## Collected material
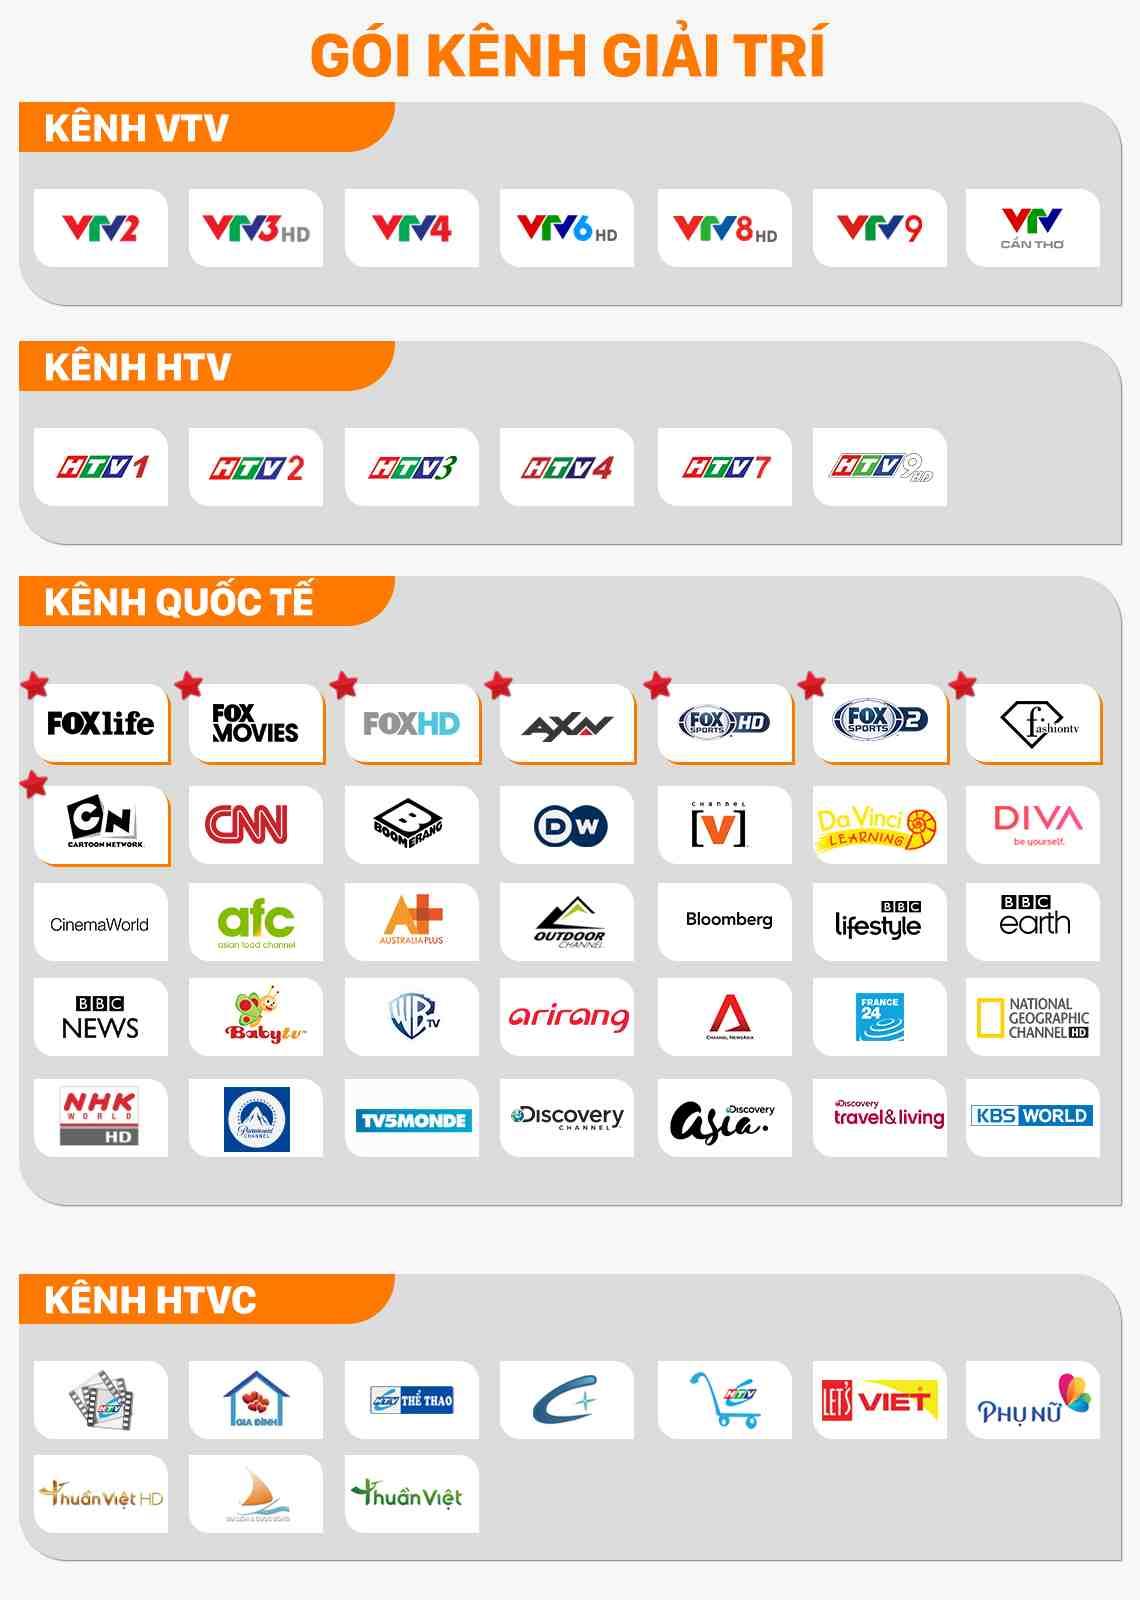 Gói kênh giải trí trên FPT Play Box
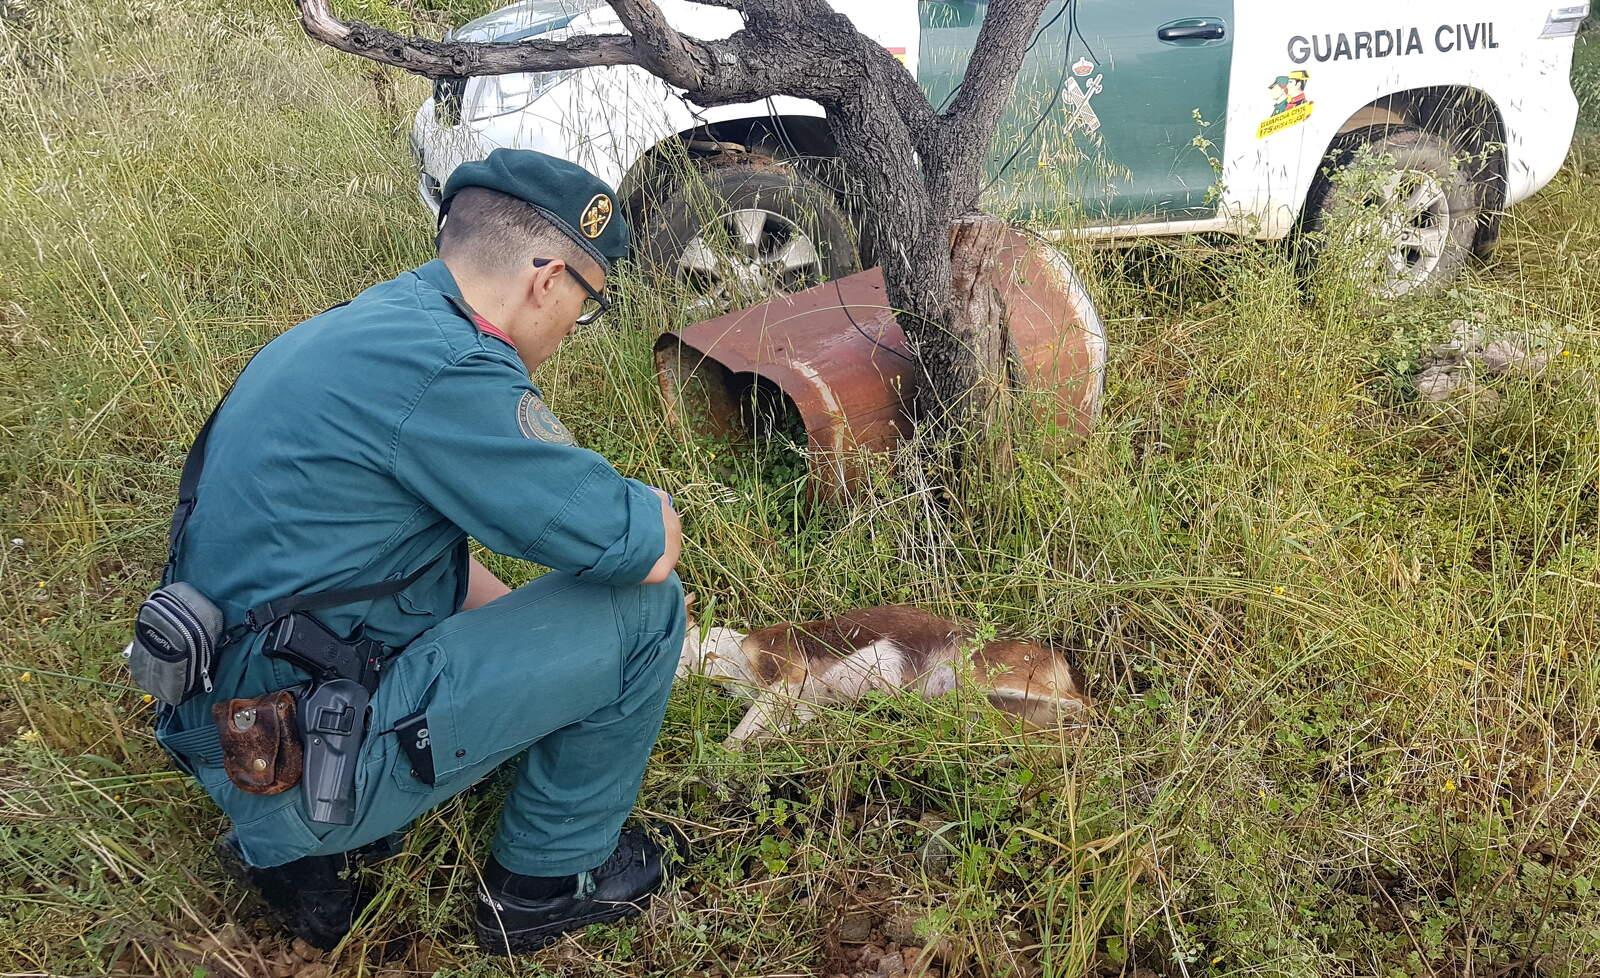 Un agent de la Guàrdia Civil agenollat al costat de la gossa morta
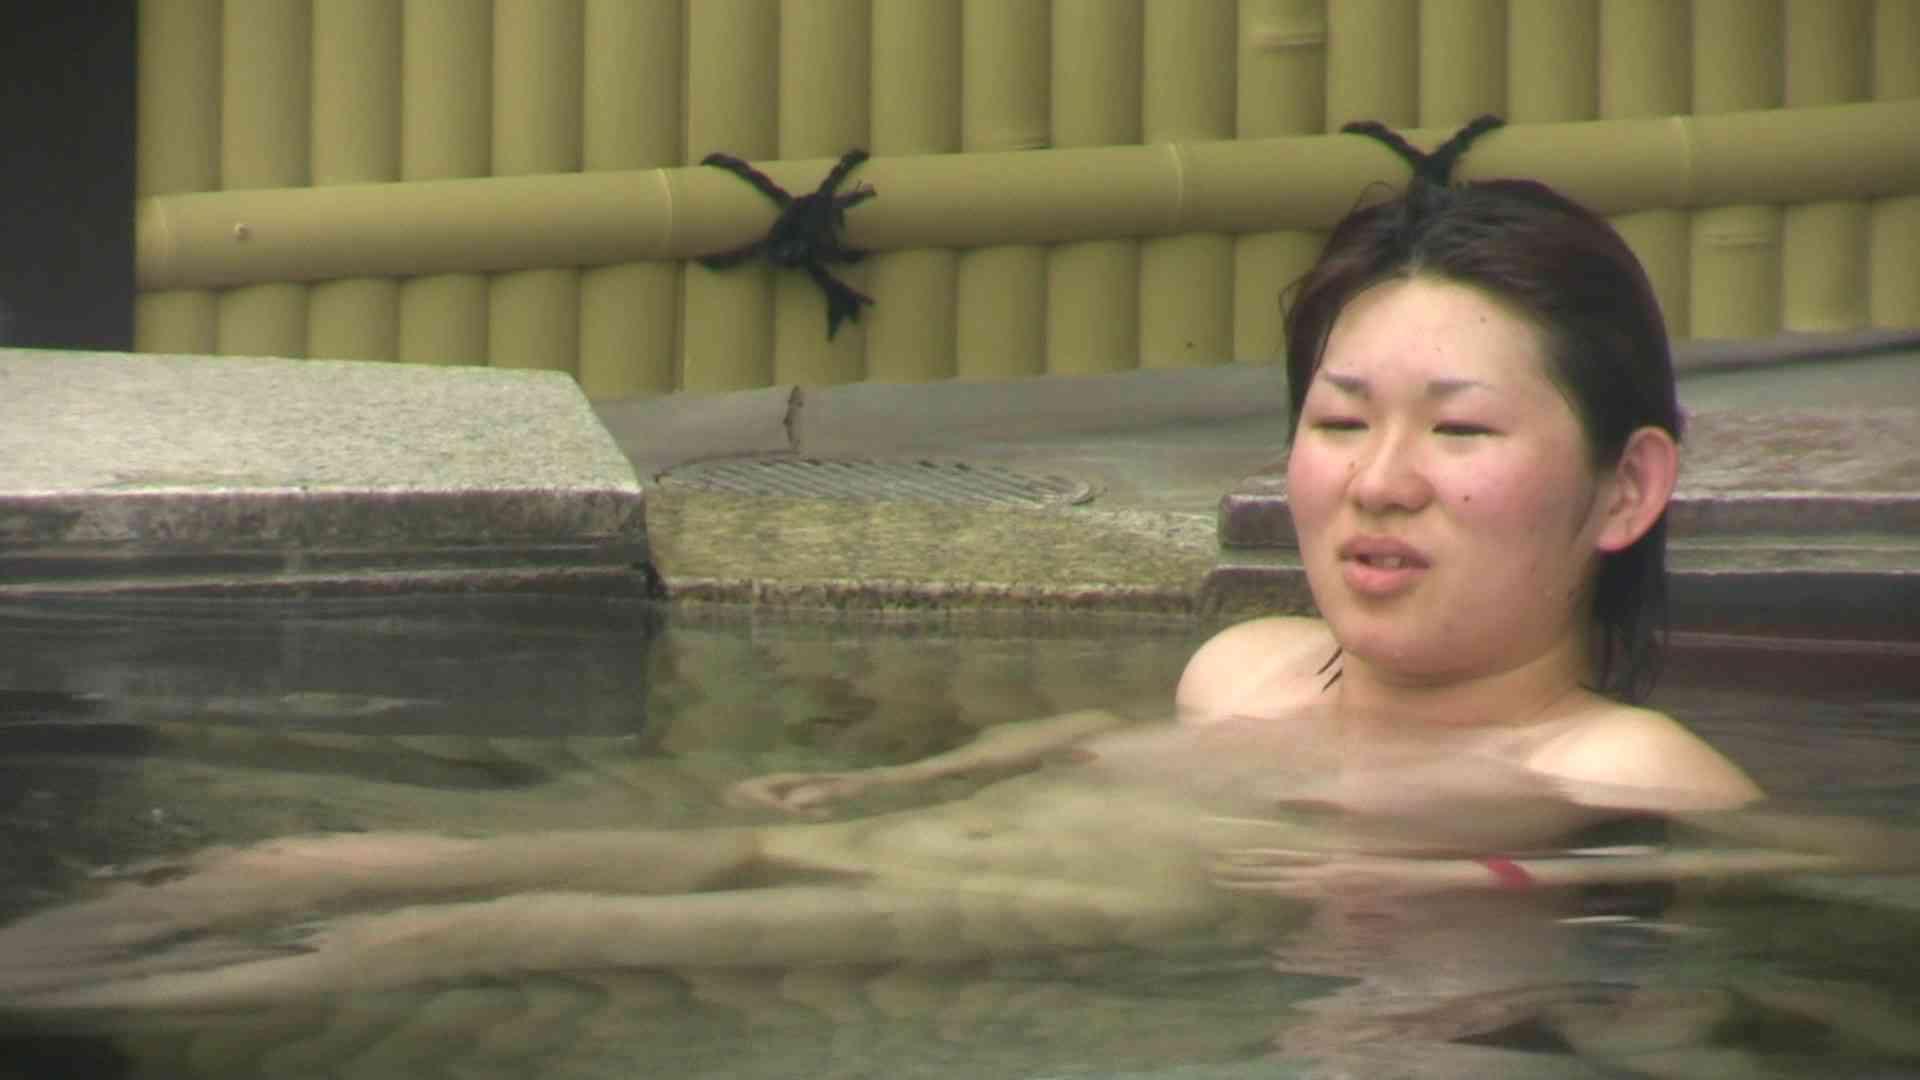 Aquaな露天風呂Vol.673 0   0  91pic 79
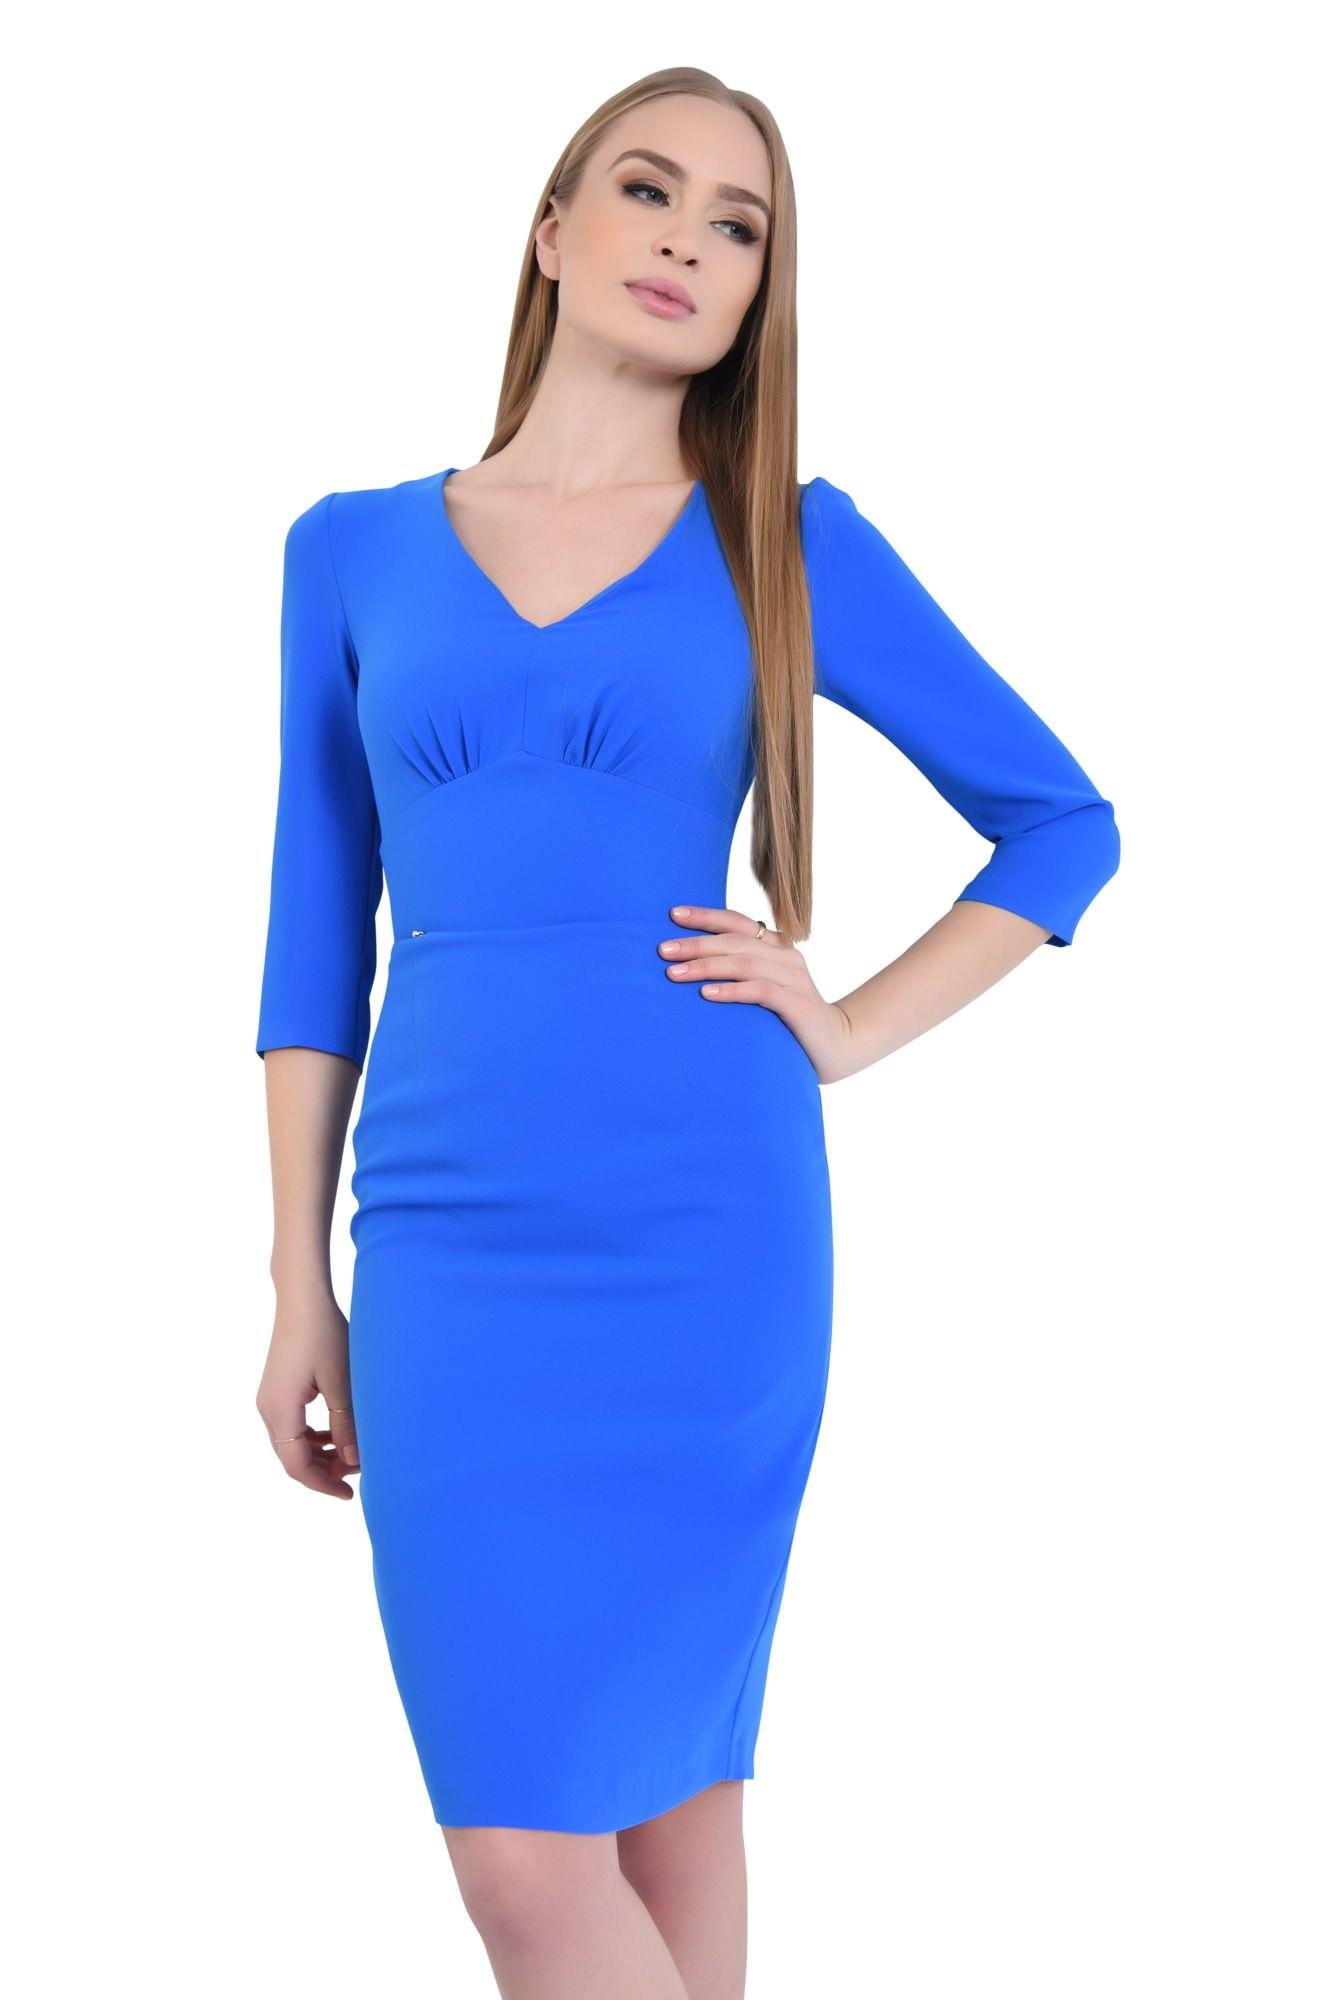 0 - Rochie casual midi, albastra

## Your objective
The finished answer is an exact repetition of the listing, with every picture removed.

## Reply
 Gói kênh giải trí trên FPT Play Box
 Un agent de la Guàrdia Civil agenollat al costat de la gossa morta
 Aquaな露天風呂Vol.673 0   0  91pic 79
 0 - Rochie casual midi, albastra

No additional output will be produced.